Why focus groups don’t work

The biggest problem in getting to know our customers is that they don’t know themselves.

Years ago, British Airways (BA) decided to introduce a new service for its first class passengers on long haul flights. It was basically a mini fridge full of goodies so that if you woke up in the middle of the night feeling a little hungry, you could get something nice for yourself. The question was: What do we put into this little fridge?

BA dutifully did its market research and assembled several focus groups of first and business class passengers. What would you like, they asked? The response was universal. People wanted fruit or perhaps some light salads. All very good. All very healthy.

On the first flight with the new service an air hostess paused as she noticed the fridge being filled. “What are you doing?” she asked. And the person dutifully explained what was happening. The hostess laughed. “They’re lying!” she said. “They don’t want salads. Listen, I’ve being doing the London to LA route for years, and when they wake up in the middle of the night the last thing on their minds is salads.” “But the focus groups all said …” She shook her head and walked away. A couple of minutes later she came back with some chocolates and cakes. “Please put these in as well,” she said. “Trust me. I know my customer.”

And they did put some chocolate and cakes in and when they checked at the end of the flight, they were all gone and nobody had touched the apples or salads.

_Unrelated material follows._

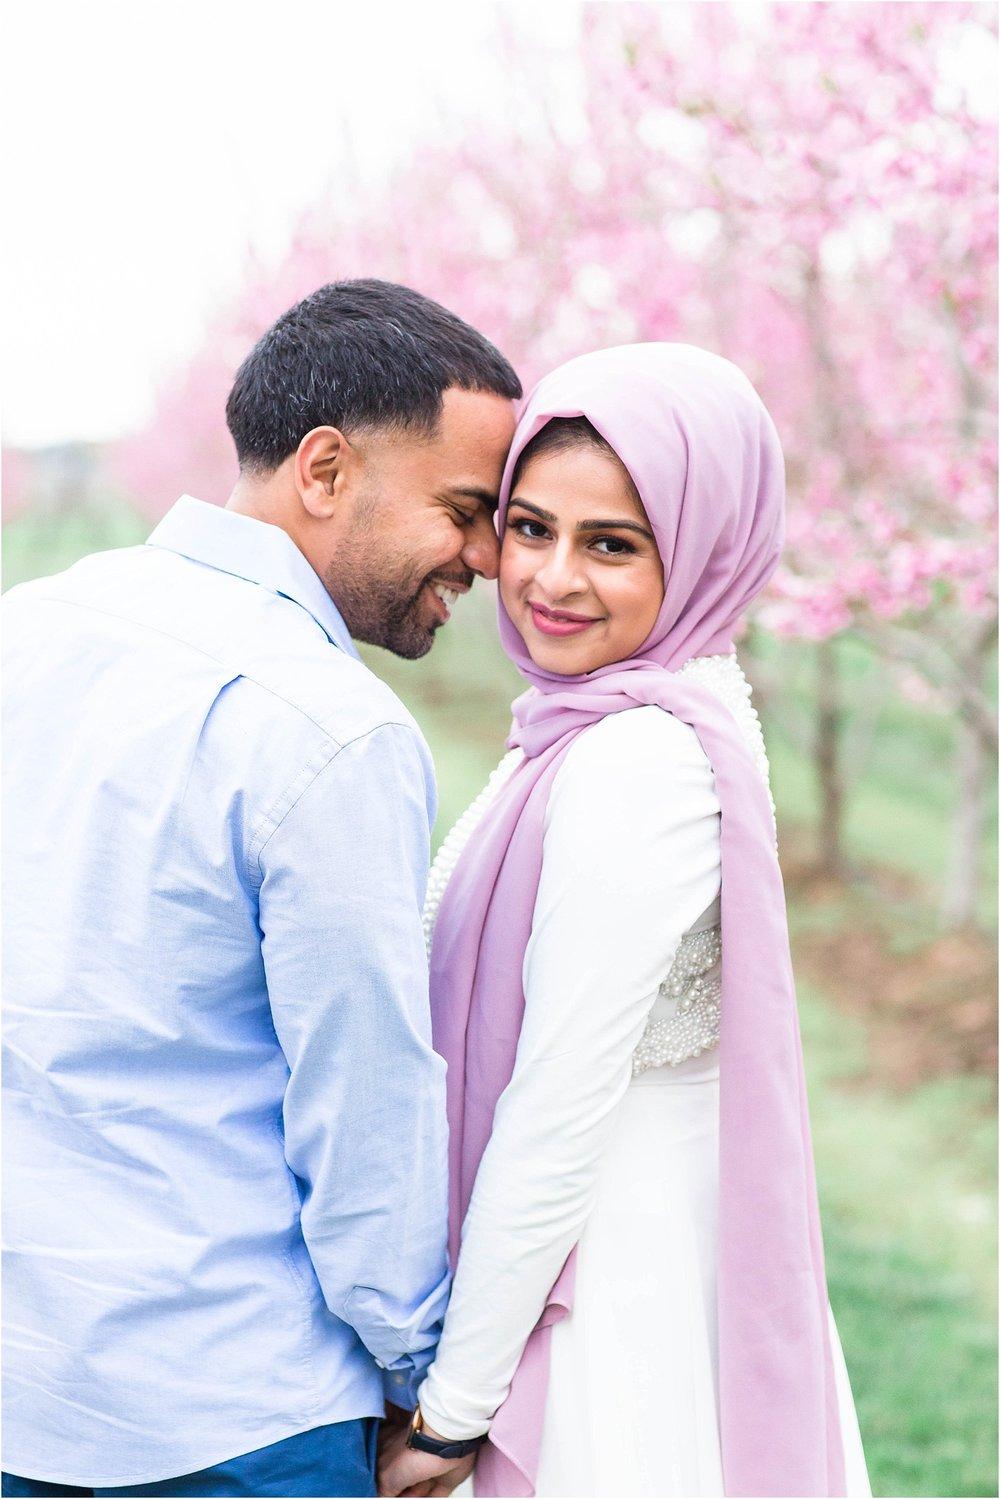 Niagara-on-the-lake-cherry-blossom-farm-Engagement-Session-Toronto-Mississauga-Brampton-Scarborough-GTA-Pakistani-Indian-Wedding-Engagement-Photographer-Photography_0017.jpg

The worst way to design a website is to have five smart people in a room drinking lattes. The longer you leave them in the room the worse the design becomes. The next worst way is to have 15 customers in a room drinking lattes. What people say they do and what they actually do are rarely the same thing.

"We hardly ever use focus groups because they just don't work very well at uncovering user needs," stated Christine Perfetti when she worked for At User Interface Engineering. "The biggest problem: what users say in a focus group rarely matches what they do in a real-life setting. Users' opinions about a site or product are very rarely consistent with how they behave when they actually interact with it."

It’s not that people deliberately set out to lie. They’re thinking: ‘I should eat better. I am putting on a bit of weight. Salads are really good for you. It’s ages since I ate an apple.’ But when they wake up in the middle of the night, wipe the sleep from their eyes and open that fridge door their hand reaches out as their mouth mumbles c-h-o-c-a-l-a-t-e-s.

A major challenge for the web manager is thus to get to the chocolates. No point in having lots of salads on your website if nobody really wants them. That was the whole purpose of developing the top task management approach and it’s what the next couple of issues will be about. Helping you separate the chocolates from the salads.